Integration with Matplotlib for Custom Plots#
Visualizing data is a key step in data analysis, providing insights that are not apparent from raw data alone. Pandas integrates smoothly with Matplotlib, a popular plotting library in Python, to offer versatile options for data visualization. This chapter will show how to create custom plots using Pandas and Matplotlib.
Custom Plotting#
Pandas' plotting capabilities are built on Matplotlib, allowing for straightforward generation of various types of plots directly from DataFrame and Series objects.
Line Plot#
Here's how to create a simple line plot displaying trends over a series of values:
import pandas as pd
import matplotlib.pyplot as plt
# Sample data
data = {'Year': [2010, 2011, 2012, 2013, 2014],
'Sales': [100, 150, 200, 250, 300]}
df = pd.DataFrame(data)
# Plotting
df.plot(x = 'Year', y = 'Sales', kind = 'line')
plt.title('Yearly Sales')
plt.ylabel('Sales')
plt.show()
Histogram#
Histograms are great for visualizing the distribution of numerical data:
# Sample data
data = {'Grades': [88, 92, 80, 89, 90, 78, 84, 76, 95, 92]}
df = pd.DataFrame(data)
# Plotting a histogram
df['Grades']\
.plot(kind = 'hist',
bins = 5,
alpha = 0.7)
plt.title('Distribution of Grades')
plt.xlabel('Grades')
plt.show()
Scatter Plot#
Scatter plots are used to observe relationships between variables:
# Sample data
data = {'Hours': [1, 2, 3, 4, 5],
'Scores': [77, 78, 85, 93, 89]}
df = pd.DataFrame(data)
# Creating a scatter plot
df.plot(kind = 'scatter', x = 'Hours', y = 'Scores')
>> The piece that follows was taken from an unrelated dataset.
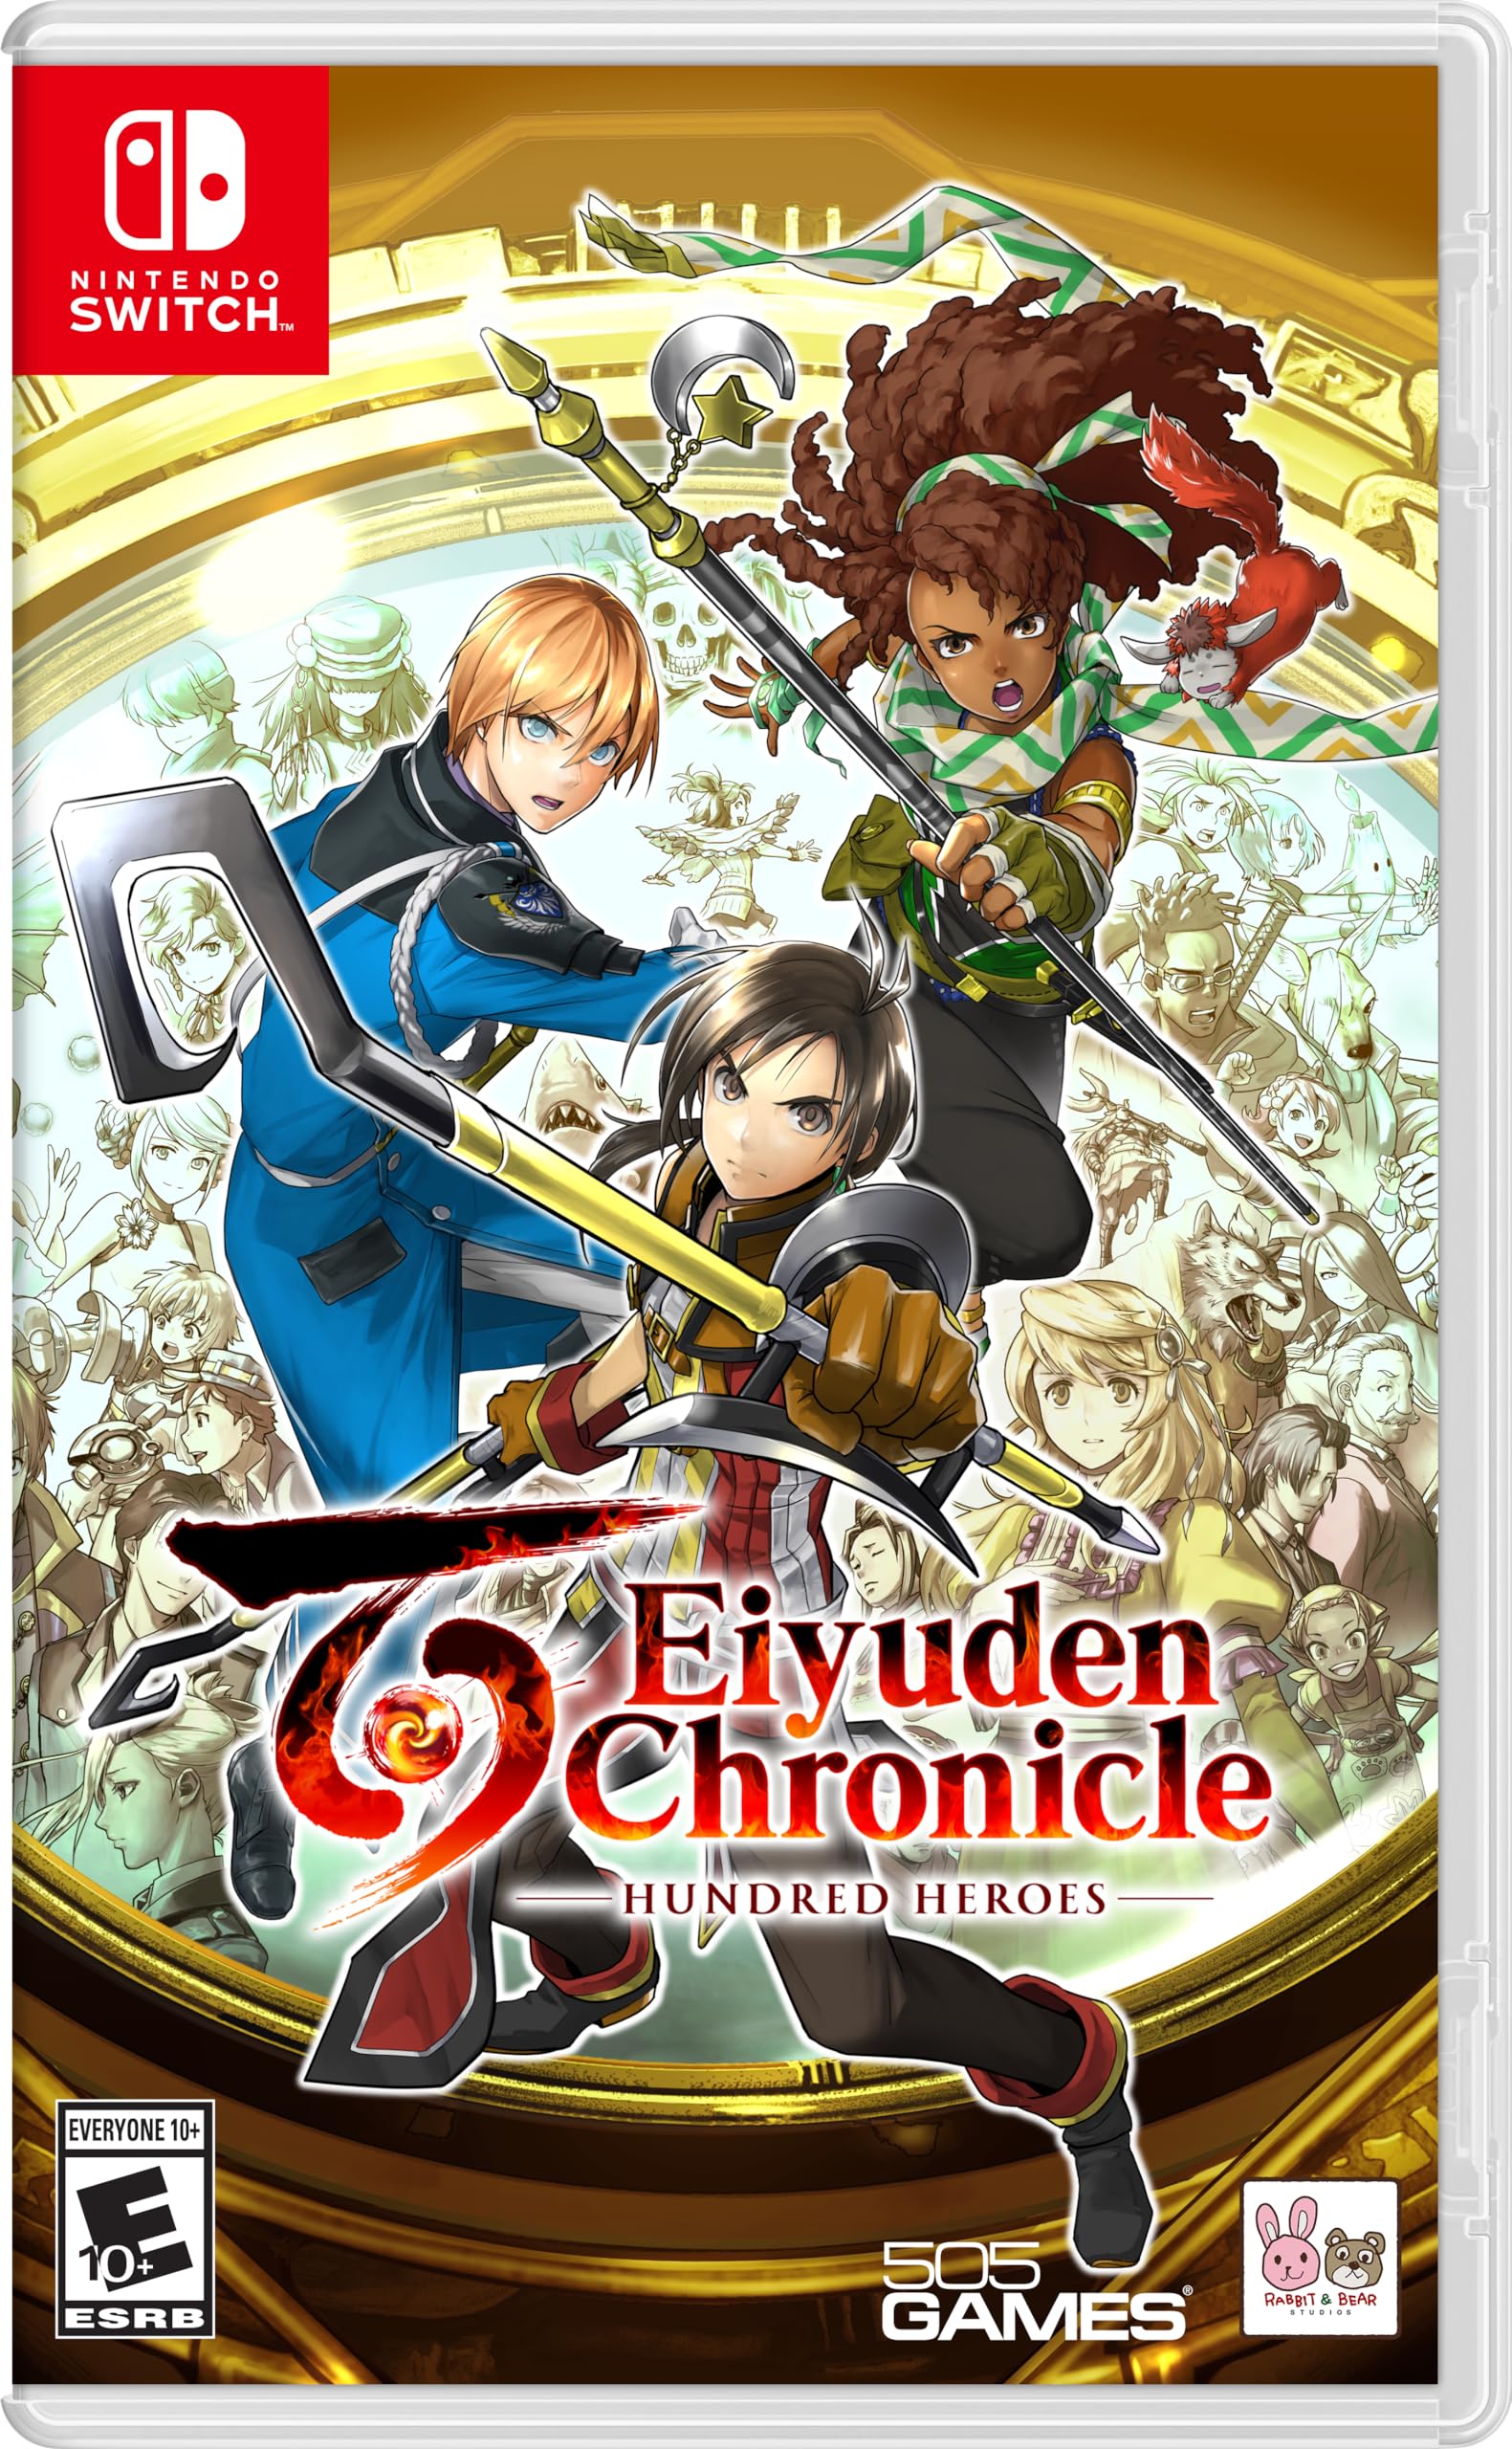 Eiyuden Chronicle: Hundred Heroes - (NSW) Nintendo Switch Video Games 505 Games

plt.title('Test Scores by Hours Studied')
plt.xlabel('Hours Studied')
plt.ylabel('Test Scores')
plt.show()
Bar Chart#
Bar charts are useful for comparing quantities corresponding to different groups:
# Sample data
data = {'Bars': ['A', 'B', 'C', 'D'],
'Values': [10, 15, 7, 10]}
df = pd.DataFrame(data)
# Creating a bar chart
df.plot(kind = 'bar',
x = 'Bars',
y = 'Values',
color = 'blue',
legend = None)
plt.title('Bar Chart Example')
plt.ylabel('Values')
plt.show()
These examples illustrate how to integrate Pandas with Matplotlib to create informative and visually appealing plots. This integration is vital for analyzing trends, distributions, relationships, and patterns in data effectively.